The 1980s gave us the VCR and Golden Age of Video, which eventually gave way to the DVDs of the 1990s. The new age is one of nonstop streaming that has the Thompsons swimming against the current.
When it’s time for Friday family movie night with their two boys, they don’t sign in to Netflix, Hulu or Amazon. They go “back to the future” at Reckless Video.
“We basically kinda relive what we did as kids,” said Billy. “We get the popcorn and the Red Vines and do our thing.”
Mike Kelley opened Reckless Video in Seattle’s Maple Leaf neighborhood 30 years ago. The store survived three recessions and the owners even rebuilt after a 2001 fire that destroyed the original building.

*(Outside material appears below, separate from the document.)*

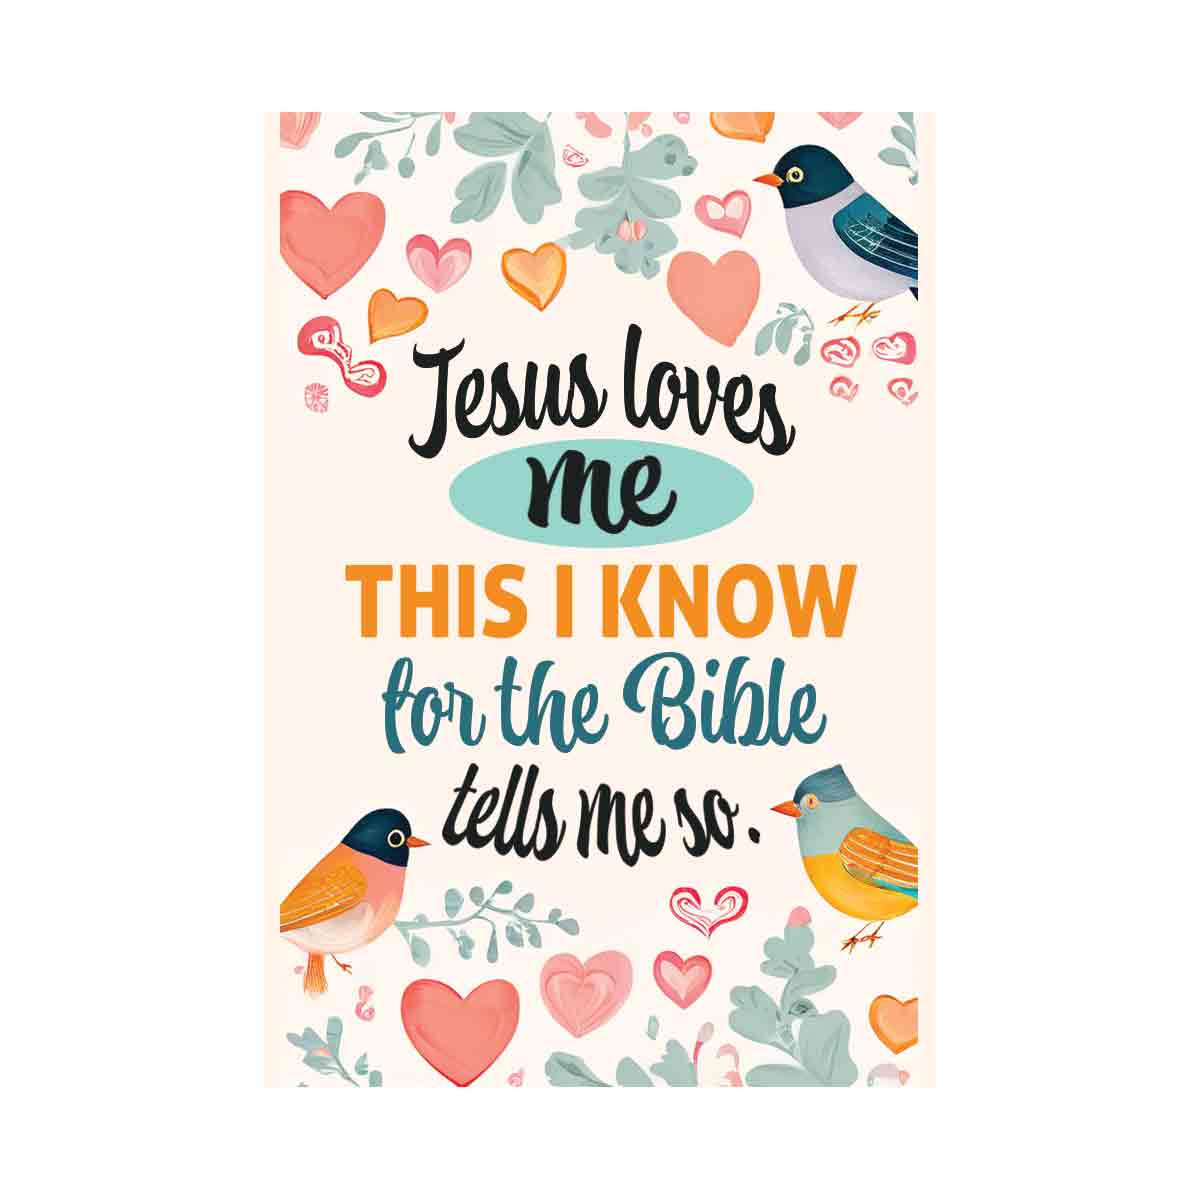 Jesus loves me - for kids
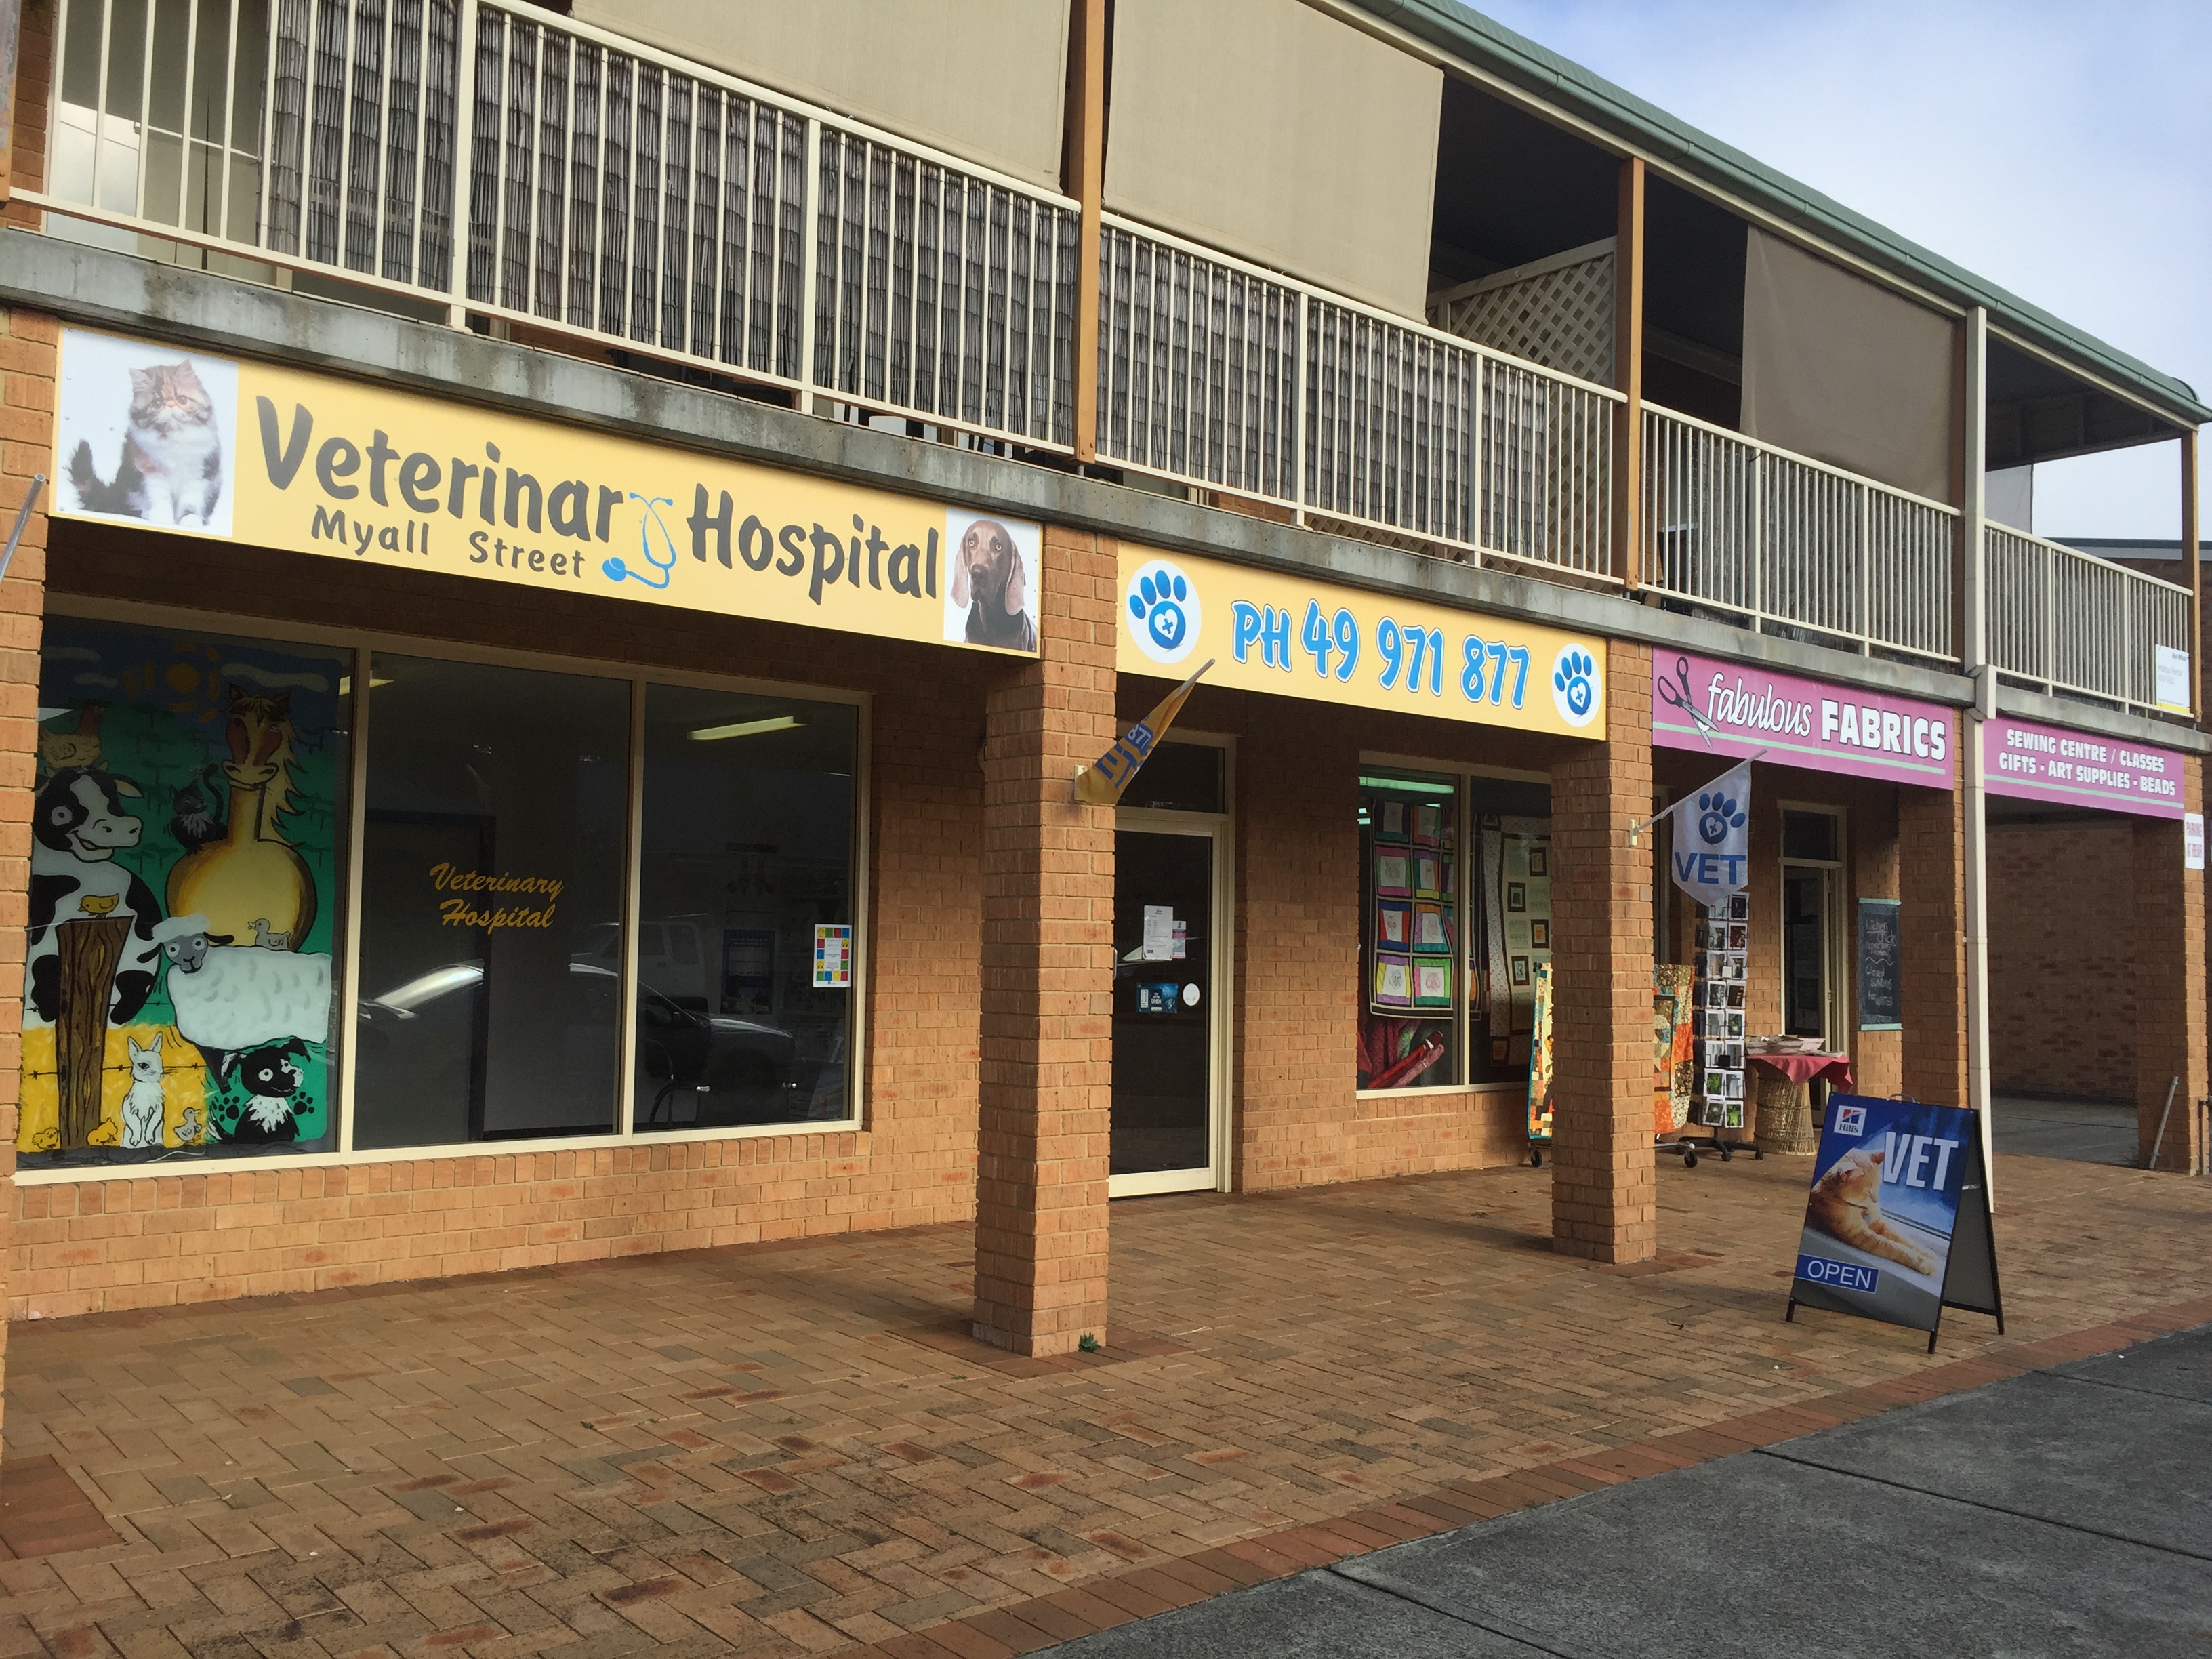 Tea Gardens Veterinary Hospital | 2/197 Myall Street, Tea Gardens, New South Wales 2324 | +61 2 4997 1877

“It’s what I love,” Kelley said. “We couldn’t let it go.”
Feeling somewhat fireproof, Reckless rolled on. For the longest time, Reckless’s biggest competitor was Blockbuster. Kelley outlasted that behemoth, but soon another monster emerged, threatening to devour everything in its path.
“Netflix definitely got our attention,” Kelley said. “We thought we could survive. It was when other people started talking about it, and it became part of their vernacular, that we started to get kind of worried.”
As streaming services expanded, Kelley’s little neighborhood shop struggled to keep up.
By 2019, Reckless was close to shutting down forever, but Kelley refused to shut the doors on the little blue house he loved.
“It’s my home,” he said. “We take care of our home.”
When we set out to do this story it was supposed to be about how Reckless Video managed to survive for so long, in the face of such great odds. In the middle of production, however, Kelley came to us with a major plot twist.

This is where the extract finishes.